DATA BELOW below:

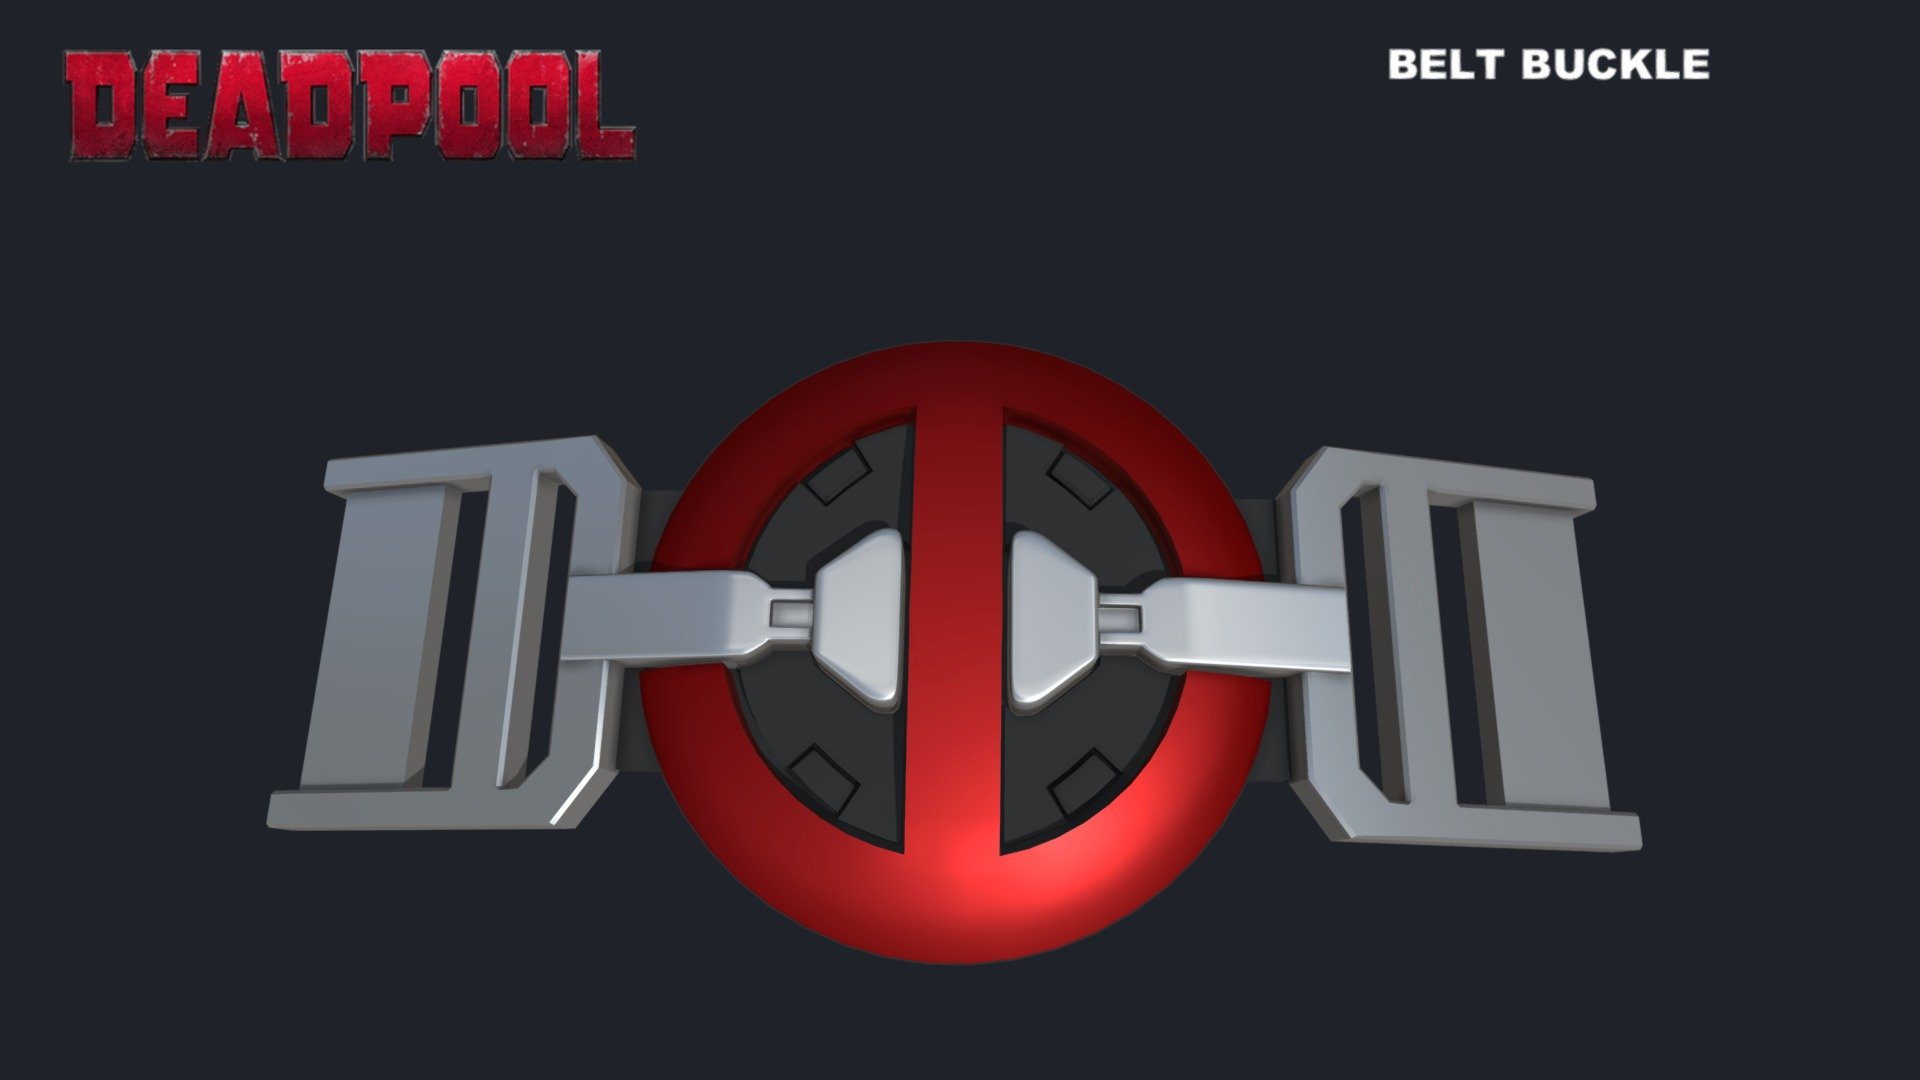 my model of Deadpool's belt buckle. This is a work in progress so it may change. Modelled in 3DS Max.

visit here to see how I designed this for 3D printing  https://sketchfab.com/3d-models/deadpool-buckle-copy2-823f7c35d4d947faba8edd5e051af1ee

Thanks for looking :) - Deadpool buckle - 3D model by paulelderdesign 3d model

End of DATA BELOW.

[AIM OF THE EXERCISE] Print the whole listing exactly, please, and keep any images out of it.

[PROBLEM SOLUTION]
 my model of Deadpool's belt buckle. This is a work in progress so it may change. Modelled in 3DS Max.

visit here to see how I designed this for 3D printing  https://sketchfab.com/3d-models/deadpool-buckle-copy2-823f7c35d4d947faba8edd5e051af1ee

Thanks for looking :) - Deadpool buckle - 3D model by paulelderdesign 3d model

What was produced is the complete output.